Благодарю тебя, Яхве, что под землей было темно, и я не видел деталей. Только слышал крики и стоны, да хруст, когда сталь пронзала плоть. И еще бульканье… Знаешь ли ты, мальчик, как клокочет кровь в перерезанном горле? Нет? Ну, теперь будешь знать… Сорок человек… Сорок соратников, друзей, родственников, режущих друг друга в кромешной тьме!
Разве тот, кто не испытал подобного, может осудить меня за то, что я выбрал жизнь? Разве все, что я делал каждый божий день, каждый день своей жизни ПОСЛЕ того, не принесло больше пользы моему народу, чем бессмысленная смерть в тайных убежищах под павшим городом?
Разве тот, кто выбирает жизнь – ренегат? Ведь все было кончено, мы проиграли, но разве проигрыш – это всегда небытие? Разве нельзя сделать еще одну попытку? Твердыни пали одна за одной, но ведь люди остались! Пока живы люди, жива надежда, а значит, жива вера, что рано или поздно мы вернем себе землю предков! Только мертвые уже никогда себе ничего не вернут…»
От мысли о часах, проведенных в лабиринте пещер под захваченным городом, Флавия невольно пробила дрожь, и он зябко передернул плечами, как будто бы не жаркий месяц нисан прижигал сейчас растерзанную плоть Ершалаима, а дул со стороны Ермона зимний сырой ветер.
Умереть, так и не победив, или выжить, для того, чтобы бороться дальше? Что за странный выбор? Что за странная судьба? Сотни тысяч погибших. Выжженный мир. Марширующие по Земле обетованной римские легионы, еще недавно мирно квартировавшие в Сирии. История Иудейской войны, история геройства и падений. Один за другим – Махерон, Иотапата и теперь – Ершалаим…

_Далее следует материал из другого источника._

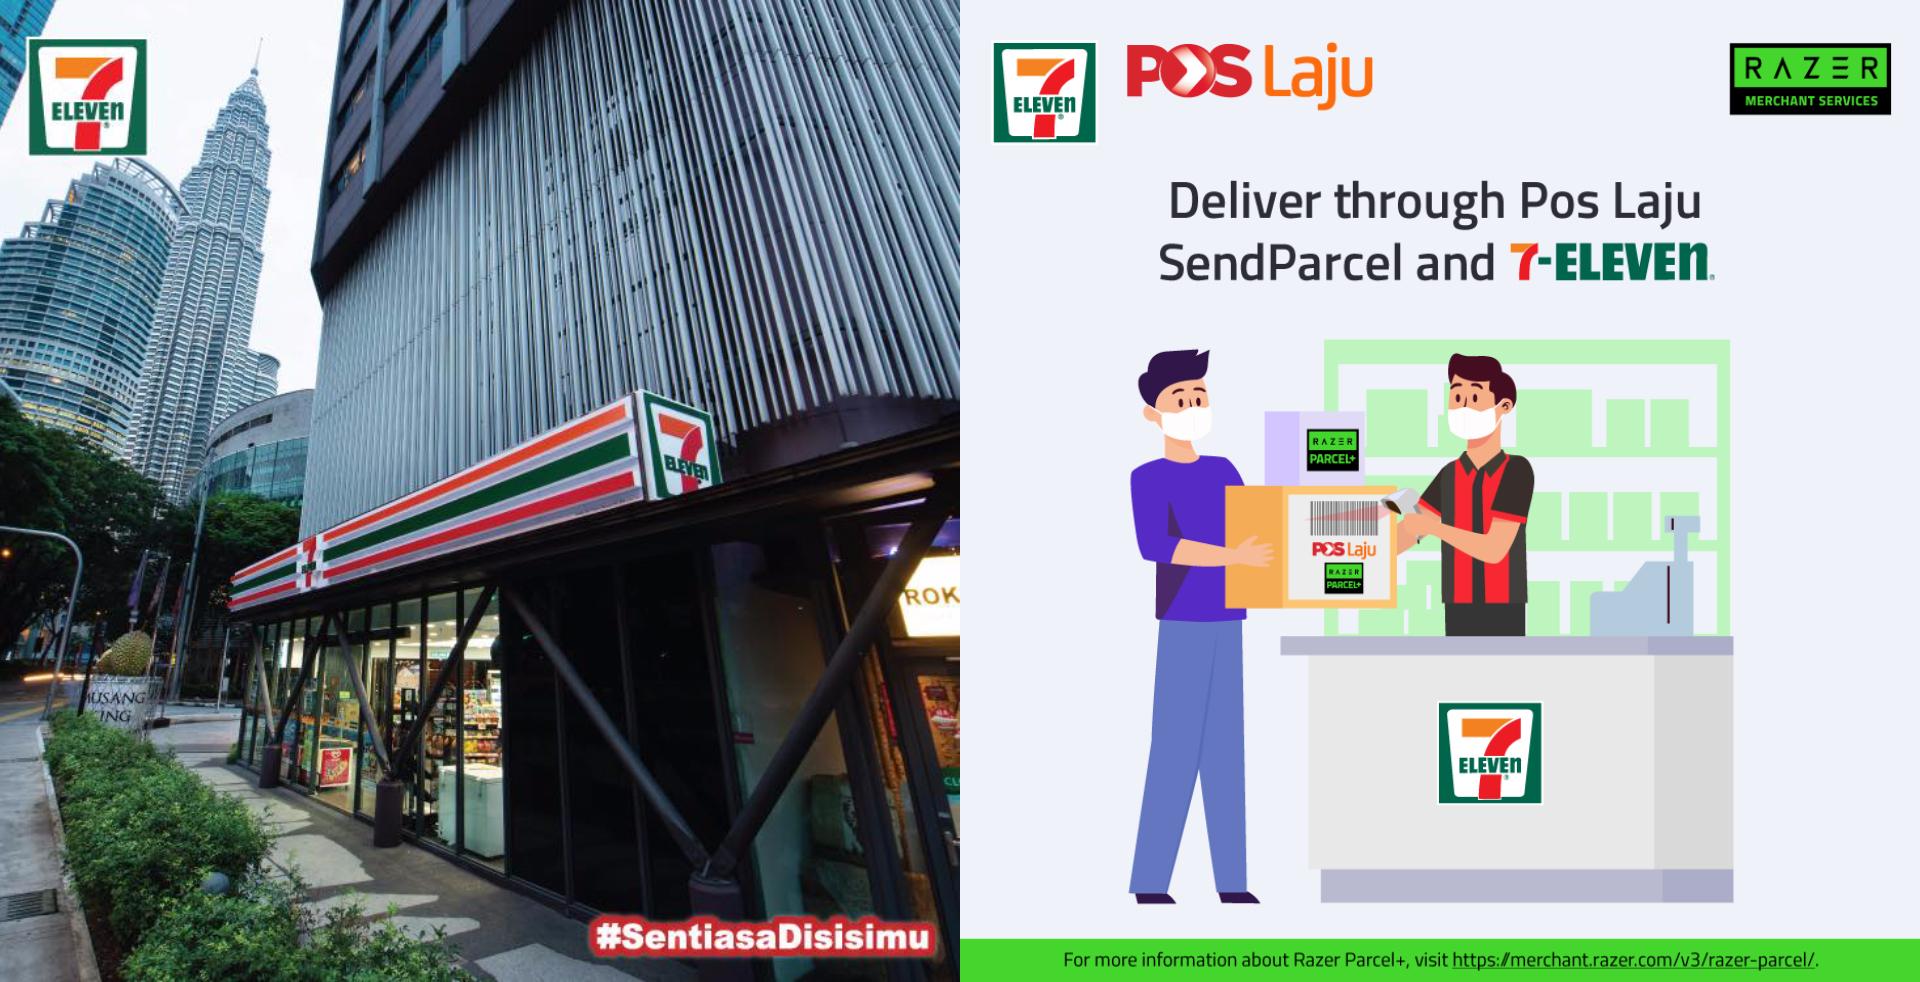 现在民众可以在7-Eleven邮寄包裹!-图摘自7-Eleven Malaysia 脸书-

«Я выбрал жизнь», – подумал Иосиф со злостью и сам удивился тому, как остро переживает давнее решение.
Алон был бледен, под глазами легли синие круги. Последние дни состарили его на несколько лет.
«Смотри, мой мальчик! Видел ли ты ранее, во что превращаются улицы, по которым прошел победитель? Не видел? Так смотри и запоминай…»
– При нем было оружие? – спросил Иосиф.
– Рядом лежал меч. Под одеждой было вот это…
Флавий недобро усмехнулся. На ладони Алона лежал длинный, чуть кривоватый кинжал, который трудно было с чем-то перепутать.
Сика.
«Ты ошибся, старик, ох, как ты ошибся, спрятав на теле оружие убийц! Тит дал мне право спасти из Ершалаима лишь сто девяносто человек. Не двести, не двести пятьдесят. Полководец, покоритель Иудеи Тит Флавий Веспасиан был не в духе, и в его глазах я видел желание прогнать меня прочь. Но все-таки он кивнул и бросил быстрый, ищущий взгляд на Беренику.
Он, сын императора, будущий император, ждал одобрения, улыбки еврейской принцессы. И она улыбнулась, и ее улыбка стоила сто девяносто спасенных жизней. Только сто девяносто – ни человеком больше, и, насколько я знаю Тита, он проверит исполнение своего приказа. Сто девяносто праведников, спасенных улыбкой предательницы, выйдут живыми из этой мясорубки, и я определю, кому остаться жить, а кому умереть. Я и Яхве. Прости меня, Боже, за гордыню мою – Яхве и я.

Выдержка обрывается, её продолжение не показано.